The Travel Rule requires originator and beneficiary information to accompany transfers above a threshold. In a shielded transfer, this information is hidden by default. The emerging pattern is to embed encrypted Travel Rule payloads within the transaction memo field, readable only by the recipient institution and, upon lawful request, by regulators holding a viewing key.
Zero-knowledge proofs can attest that the payload is well-formed and that both parties satisfy KYC requirements, without revealing the payload contents on-chain. Several vendors are building Travel Rule compliance layers that integrate with shielded pool architectures.
Which privacy solutions are production-ready today?
Privacy-preserving KYC (zero-knowledge credential verification) is the most mature — several vendors offer production-grade solutions. L1 shielded pools are production for individual use but institutional adoption is still early. Privacy L2s are approaching mainnet but not yet production for institutional workloads.
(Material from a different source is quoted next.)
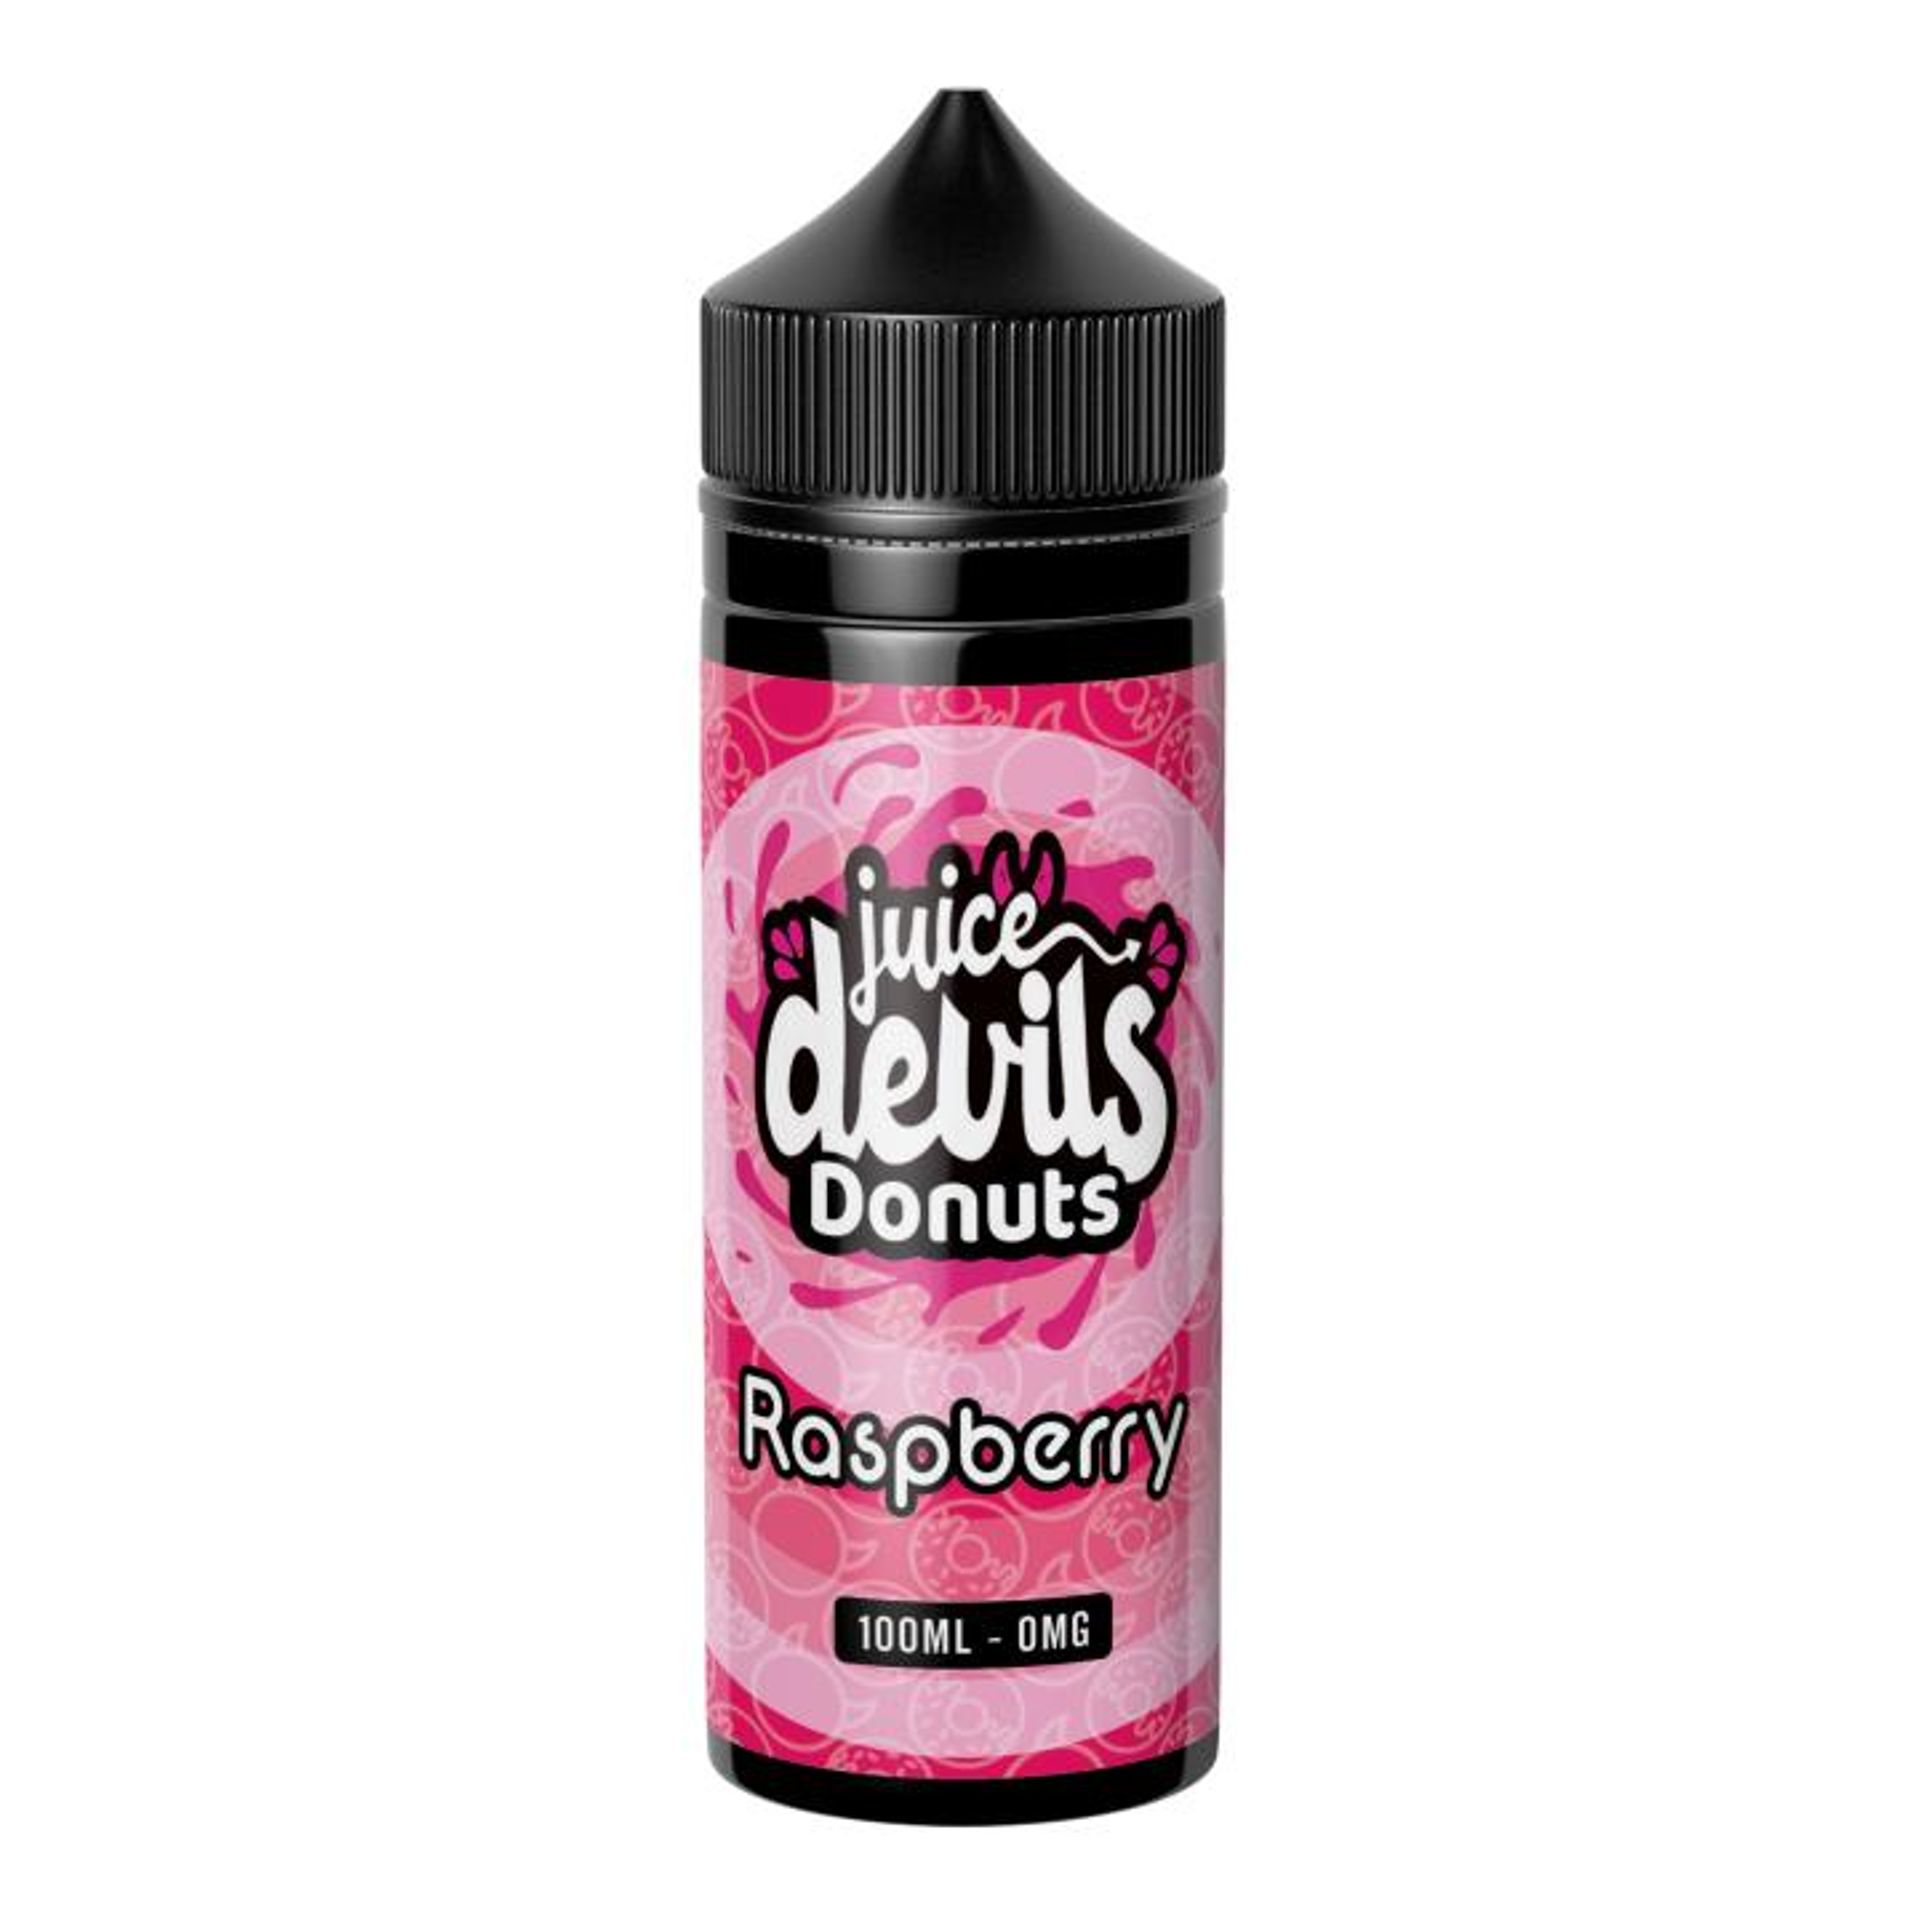 Image of Raspberry Donut by Juice Devils

FHE-based solutions are at the proof-of-concept stage.
The honest answer: no single privacy architecture is fully production-ready for all institutional use cases today. The practical path is to pick the approach whose maturity matches your deployment timeline and risk tolerance.
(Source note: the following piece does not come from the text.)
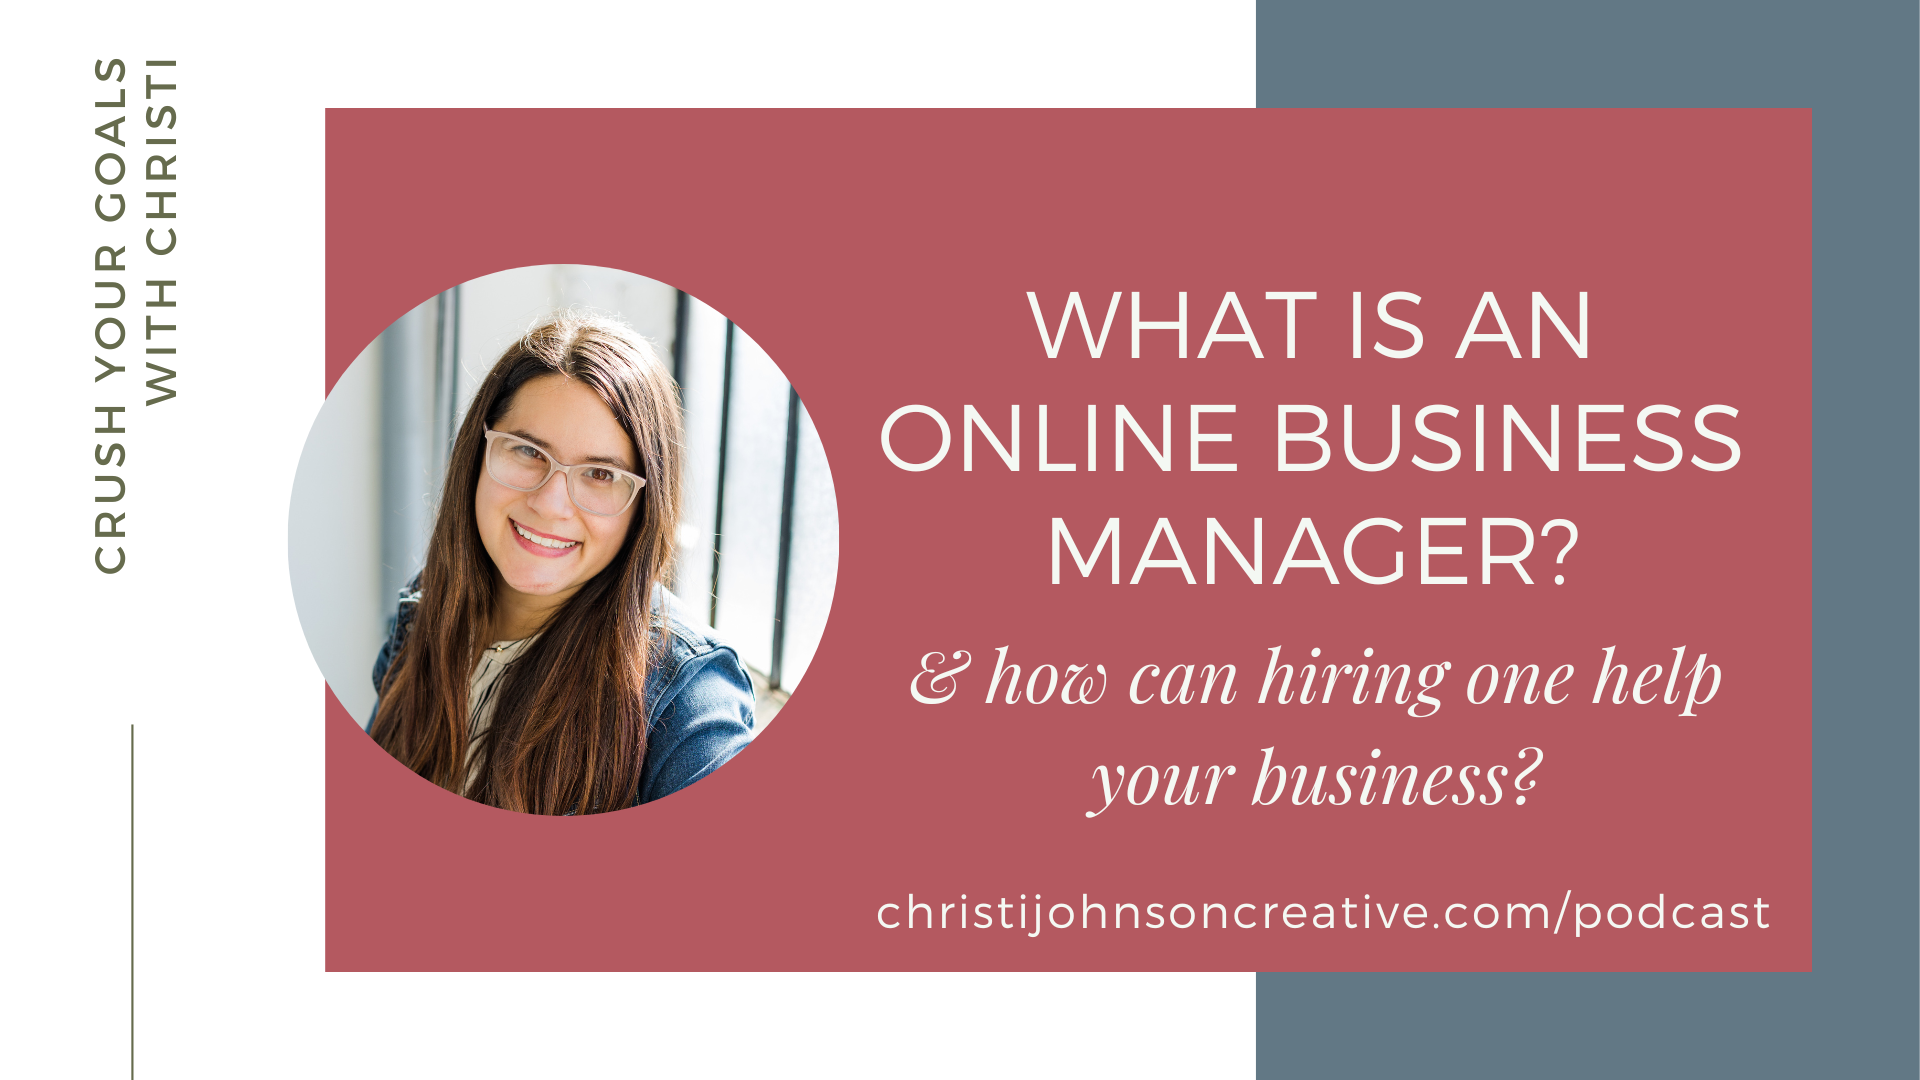 How an Online Business Manager can Help your Business

How do viewing keys work for regulatory access?
Viewing keys are cryptographic keys that grant read-only access to shielded transaction data without granting transfer authority. A user or institution holds a spending key (for moving funds) and a separate viewing key (for disclosure). The viewing key can be shared with a regulator or auditor, who can then decrypt and verify specific transactions without seeing anything else in the pool.
The key properties: viewing keys are scoped (can be time-bounded or limited to specific accounts), they are read-only (no transfer authority), and they can be revoked. Dual-key architecture works in both L1 shielded pools and L2 privacy systems.
UTXO vs account model: which is better for privacy?
UTXO-based privacy (Railgun, Zcash-style) provides stronger unlinkability by default — each transaction consumes and creates new notes, breaking the connection between sender and receiver. Account-based privacy (Aztec, FHE-based) is more familiar to Ethereum developers and supports richer programmability, but requires more careful design to prevent linkability.
For institutional payments, UTXO models are simpler and better understood. For complex smart contract interactions (DeFi, derivatives), account-based privacy L2s offer more flexibility. The right choice depends on your use case rather than any absolute technical superiority.